HP Converged InfrastructureAnother announcement concerns new client virtualisation solutions with improved performance for power users.

These include a number of different solutions, such as the Dell Solutions for VMware Virtual SAN Ready Nodes. This is a hyperconverged solution for desktop and application virtualisation that  provides flexible infrastructure optimised for virtual desktops. Dell says that deployment options range from a reference architecture to a fully configured VMware Virtual SAN appliance.

Dell has also incorporated support for the VMware Blast Extreme remote display protocol on Dell Windows Embedded thin clients running VMware Horizon 7 with Horizon Client 4.0. This allows Horizon end users to access their virtual desktops via a web browser or a full-featured VMware Horizon client.

Meanwhile the new Dell Precision Appliance for Wyse offers a fresh configuration based on the Dell PowerEdge R730 server and the NVIDIA Tesla M60 GRID 2.0 graphics card. It can cater for very high user density with up to 32 users per appliance.

Security Offerings

Stepping away from the client virtualisation side, Dell is also revealing two new security solutions. These aim to provide businesses with advanced threat protection for secure computing environments.
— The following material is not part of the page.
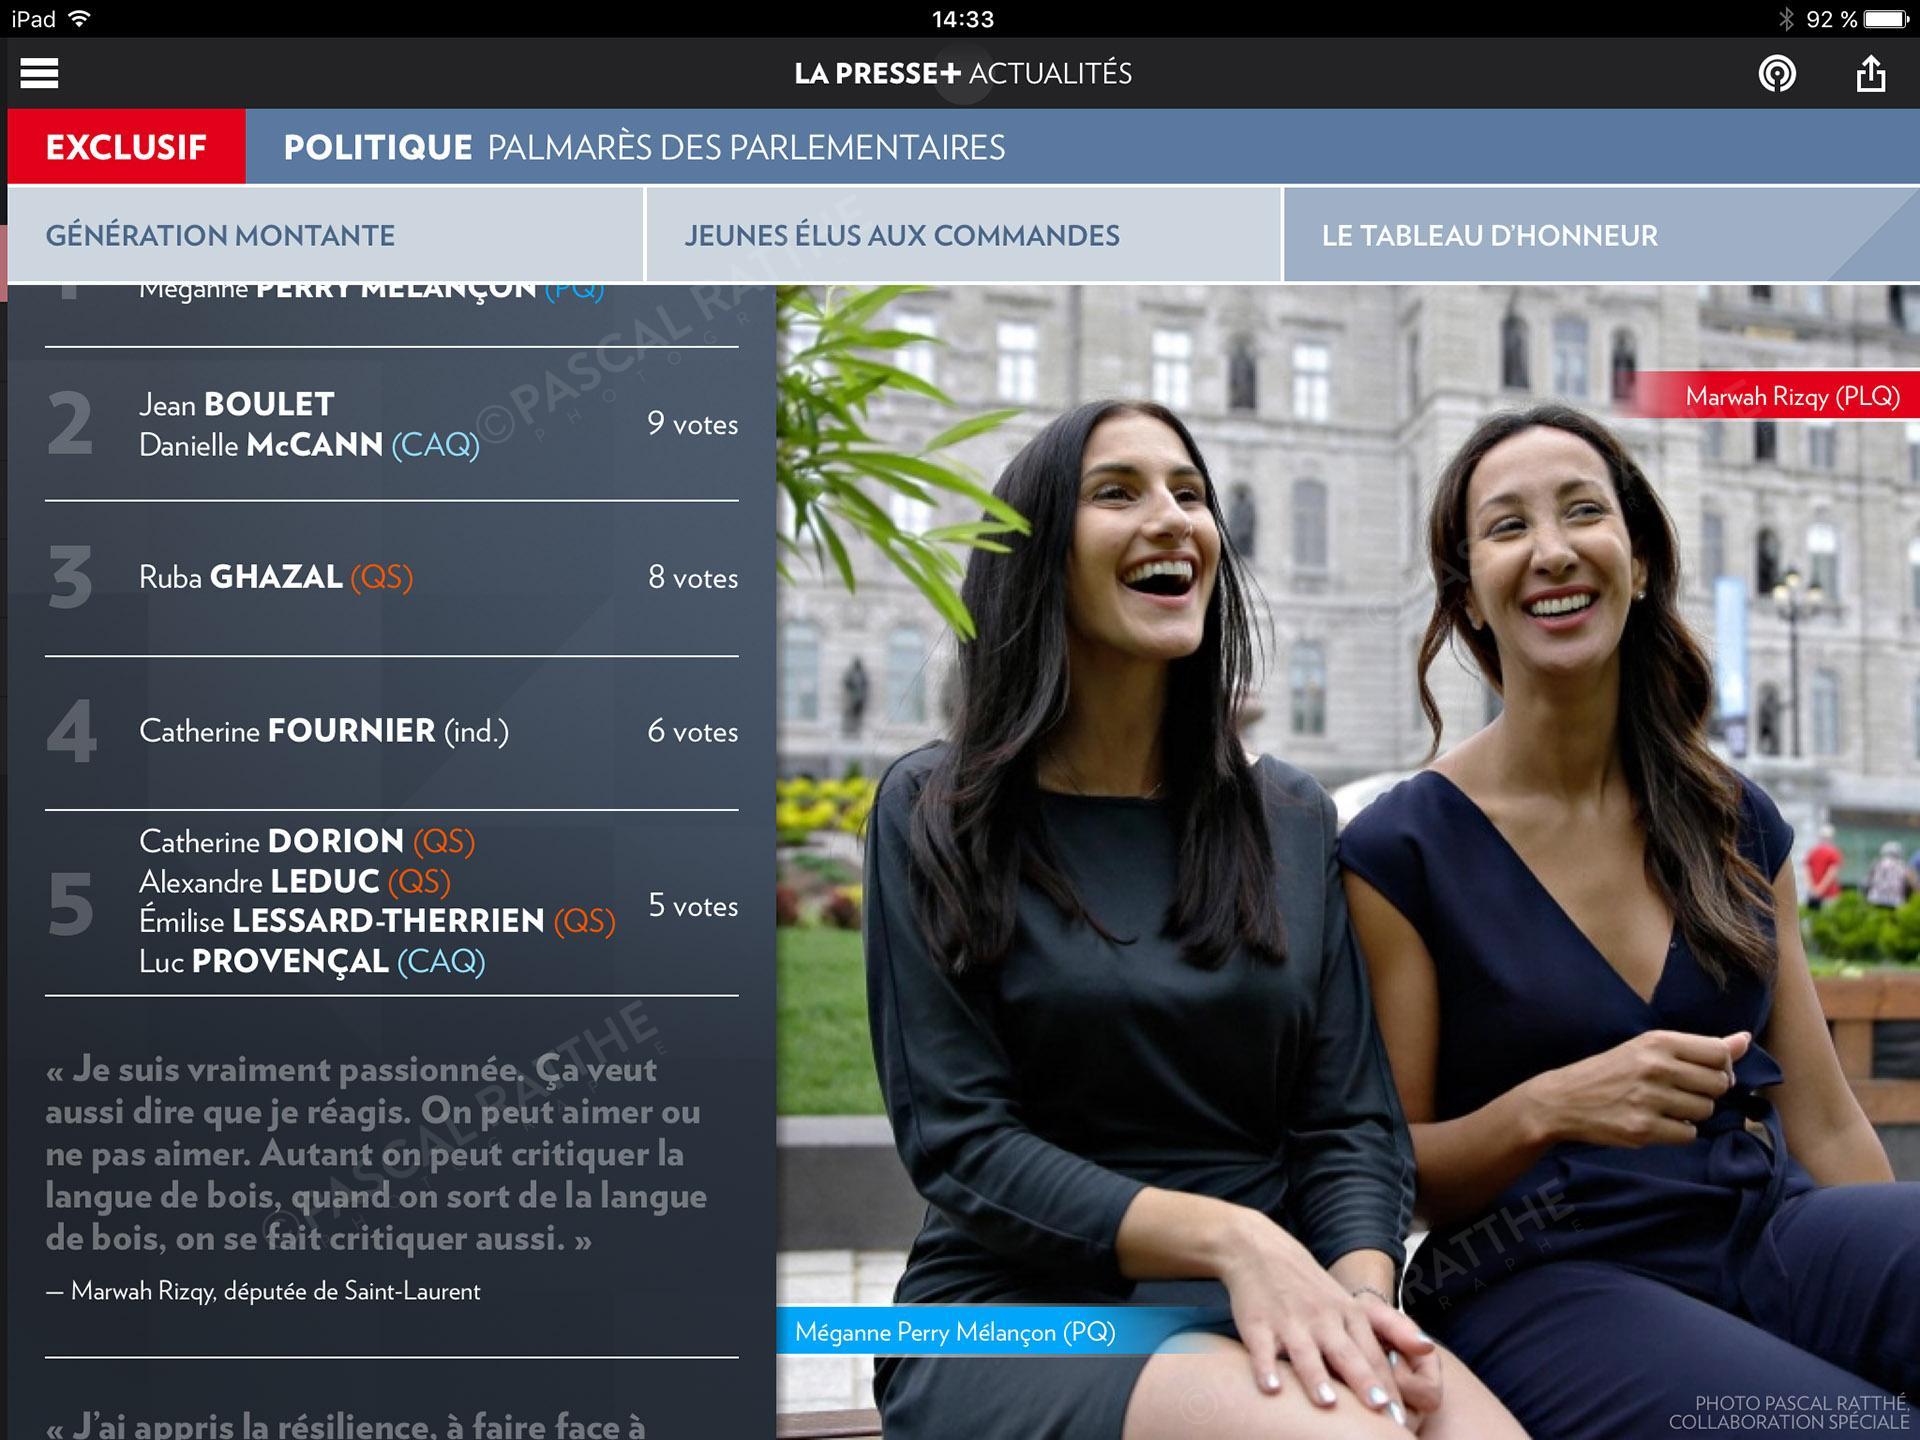 les etoiles de l'assemblee nationale, Portrait Megane Perry-Melancon PQ et Marwah Rizqy PLQ

The offerings here is Dell Data Protection | Threat Defense for Windows Embedded (WES) thin clients and Dell Data Protection | Endpoint Security Suite Enterprise for persistent virtual machines.

The advanced threat protection is powered by Cylance and covers all most end point devices including thin clients and Mac OS systems, right through to the data centre.
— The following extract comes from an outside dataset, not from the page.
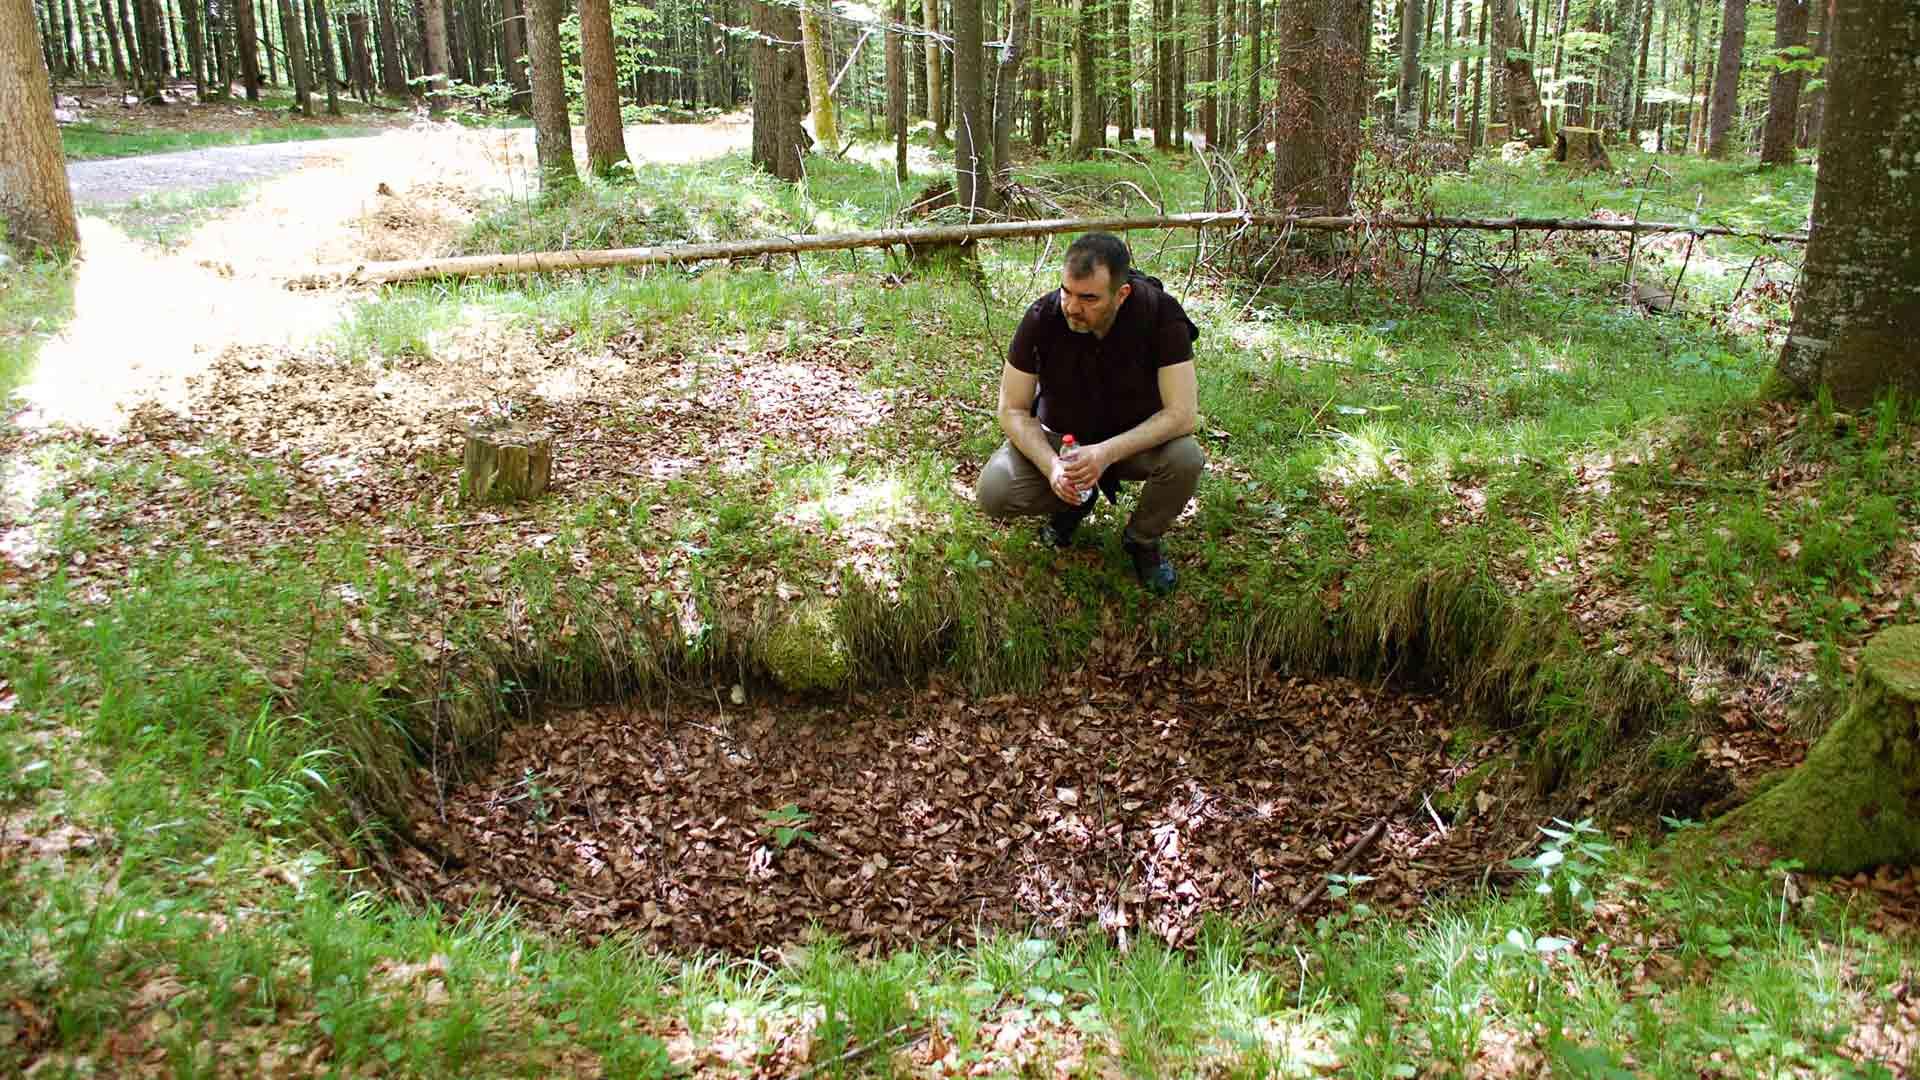 Kirjailija Marcus Wallén kävi natsikullan jälkiä seuratessaan Walchensee-järven törmällä, jossa on yhä näkyvissä kätkökuoppien painaumia.

“Organisations are looking to Dell to provide them with true end-to-end client virtualisation solutions that are easy to plan, deploy and run-– and take the guess work out of VDI,” said Steve Lalla, VP and general manager, Dell Commercial Client Software & Solutions. “The Dell VDI Solutions for VMware Virtual SAN Ready Nodes with Horizon and support for Blast Extreme remote protocol on Windows thin clients gives our customers solutions that are tailored for their environment, as well as high performance and manageability.”

Dell of course is currently in the process of completing the largest ever acquisition in tech history. Dell is purchasing storage giant EMC for a staggering $67 billion (£44bn).